Many people wash their hands with water alone and believe that if hands look clean, they are clean. To challenge this belief and habit, one of the important elements of Lifebuoy’s behaviour-change approach is the ‘glo-germ’ demonstration. This counters the common misconception that ‘visibly clean’ is ‘hygienically clean’. When held under ultra-violet light, ‘glo-germ’ powder illuminates the germs left behind on hands washed only with water. Germs are only removed when hands are washed with soap. This makes it easy to understand that handwashing with soap provides greater protection against germs than washing with water alone.

Lever 2 Make it easy: School of 5 & mother and child interaction

For a new behaviour to be adopted it needs to be seen as ‘easy to do’ and to fit into daily life and routines. Lifebuoy’s School of 5 Programme makes the five occasions easy to remember through songs, comic book stories and the ‘five’ hand sign. The programme engages mothers and children because mothers play a crucial role in ensuring soap and water are readily available.

They also influence children by encouraging, rewarding and tracking ‘good behaviour’. With our school programmes, mothers track their child’s handwashing compliance on a daily sticker chart. This helps to reinforce the behaviour at home as well as in the classroom.

Lever 3 Make it desirable: Pledging

Studies show that people who commit to a future action in public are more likely to deliver on this commitment. Our school programme uses the Classroom Soap Pledge. Children pledge to wash their hands on the five key occasions for the duration of the programme. This is done in class so that positive peer pressure and teacher approval make the behaviour more likely to happen. Pledging is also an important part of Global Handwashing Day.

We use aspirational comic book characters in our school programmes and local celebrities in our campaigns to boost motivation. When well-known celebrities such as Sri Lanka’s cricketer Kumar Sangakkara or South African pop legend Yvonne Chaka and Bollywood actress Kajol in India emphasise the importance of handwashing with soap, people are encouraged to emulate the behaviour of people they admire.

Lever 4 Make it rewarding: Positive reinforcement

Lifebuoy understands the power of positive influences to motivate social change. Positive reinforcement runs throughout our school programme – a strong rewards system makes mothers and children feel good for taking positive steps in changing their habits. A person is more likely to practise a behaviour if they feel it will be rewarded.

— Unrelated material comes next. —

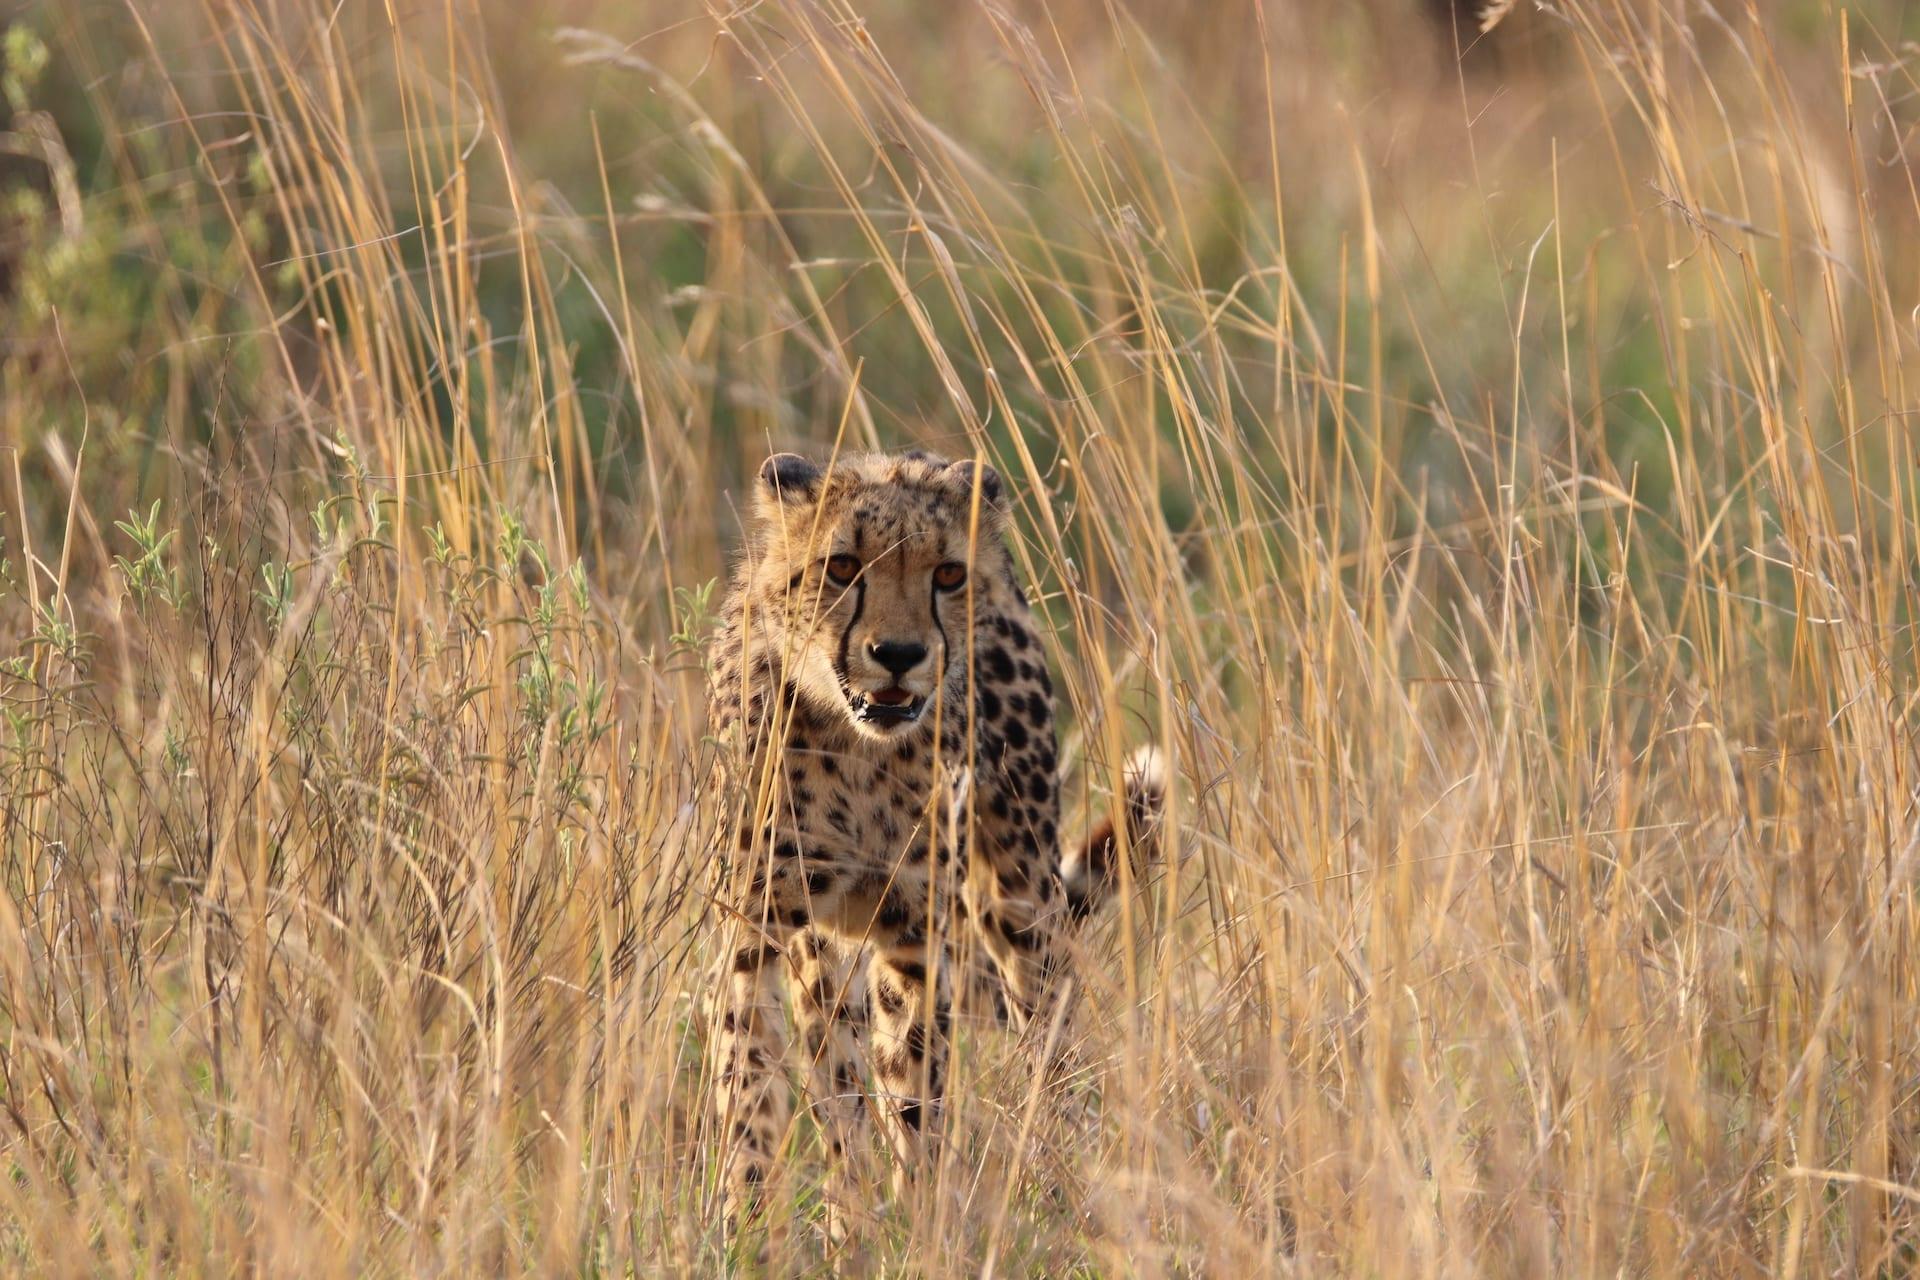 ALGEMEEN - ZA - Nkomazi - cheetah 2 NOV 2019

Lever 5 Make it a habit: 21 days’ practice

Habits build up over time through repetitive behaviour. This is why motivating people to practise handwashing with soap for a minimum of 21 days is a critical element in our programmes. Our classroom materials – comic books, posters, quizzes and songs – all work over 21 days to embed the behaviour of washing hands at key occasions in daily routines. A 21-day compliance diary is also used to record behaviour over the course of the programme and participants are rewarded at the end.

Driving business results

Increasing frequency of handwashing increases soap consumption and drives growth. Consumers who know about our handwashing programme are more likely to be loyal to our brand and to recommend our brand to others.

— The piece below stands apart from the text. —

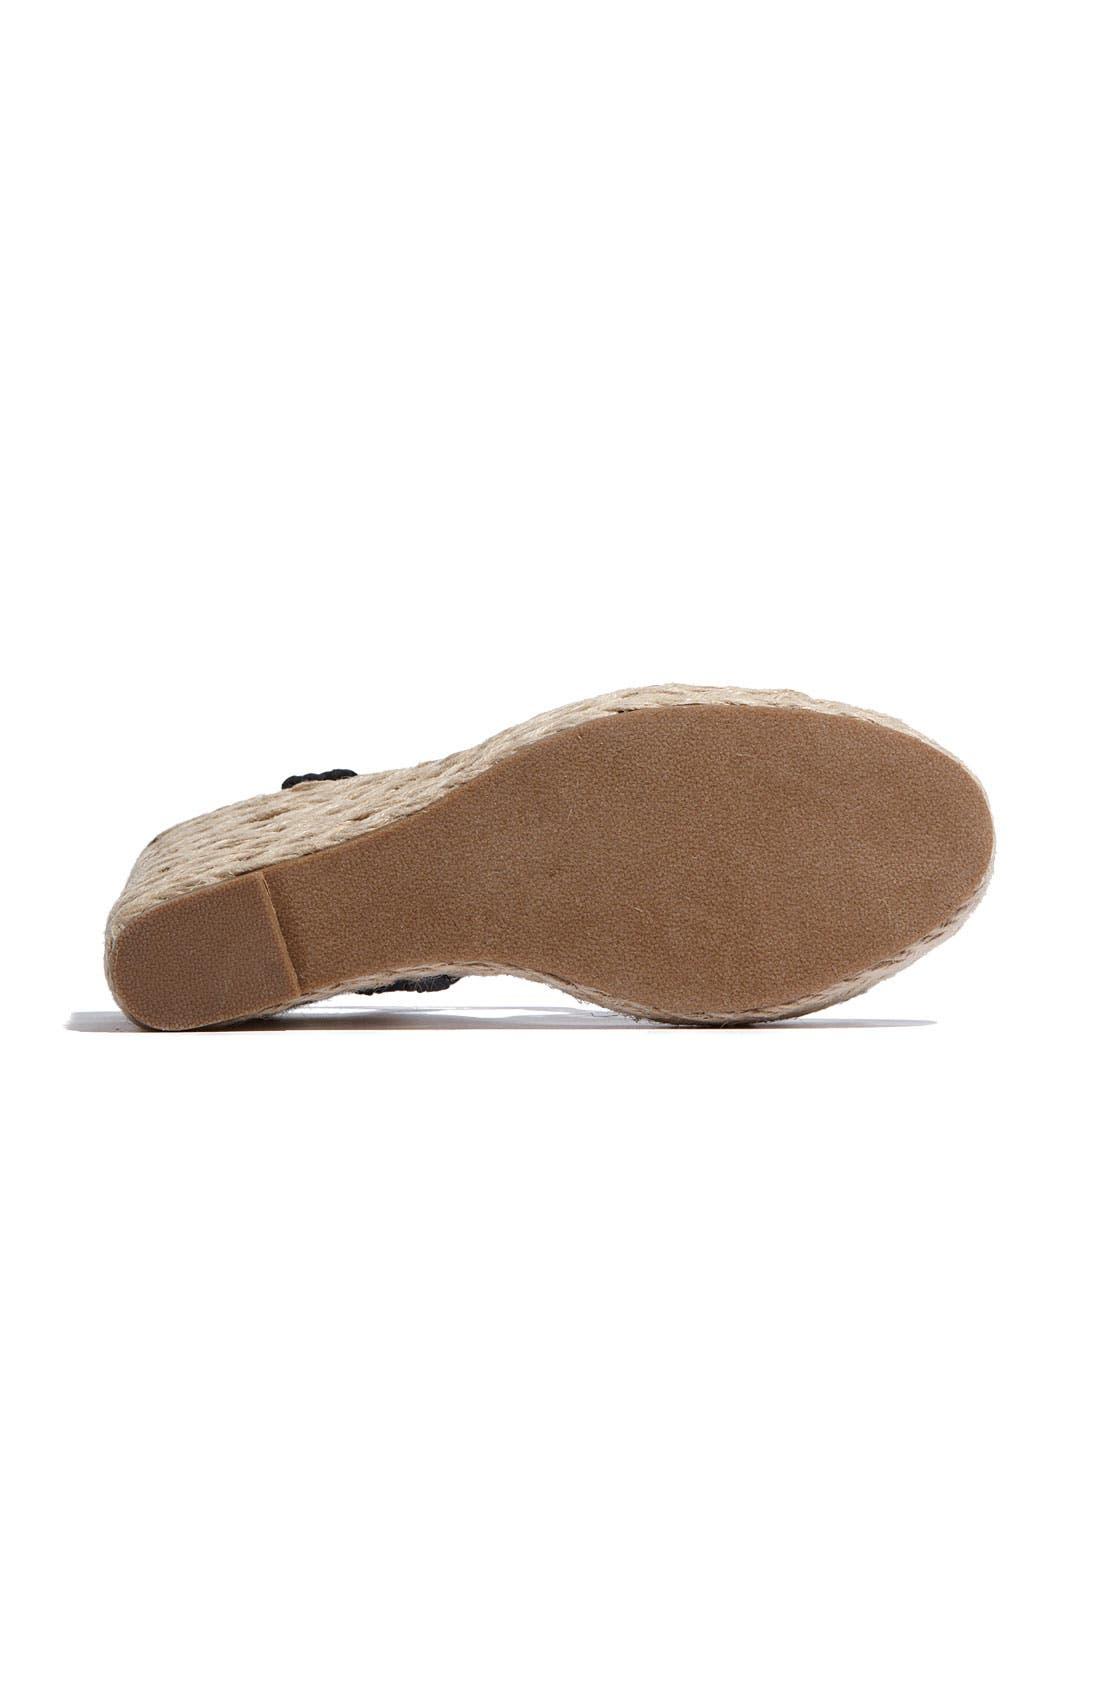 Alternate Image 4  - Steve Madden 'Manngo' Woven Sandal

Lifebuoy’s handwashing programme has driven a clear increase in soap consumption. In Uttar Pradesh in India, soap consumption grew by 11% after we implemented KKD, our rural community outreach programme. This compares to a 1% growth in soap consumption in a similar, neighbouring state where the programme was not run. Detailed studies in Kenya, Ghana and Indonesia using smart sensor microchips to track behaviour show that the programme drives both an increase in frequency of handwashing, and quality of handwashing, with more soap being used to wash hands thoroughly.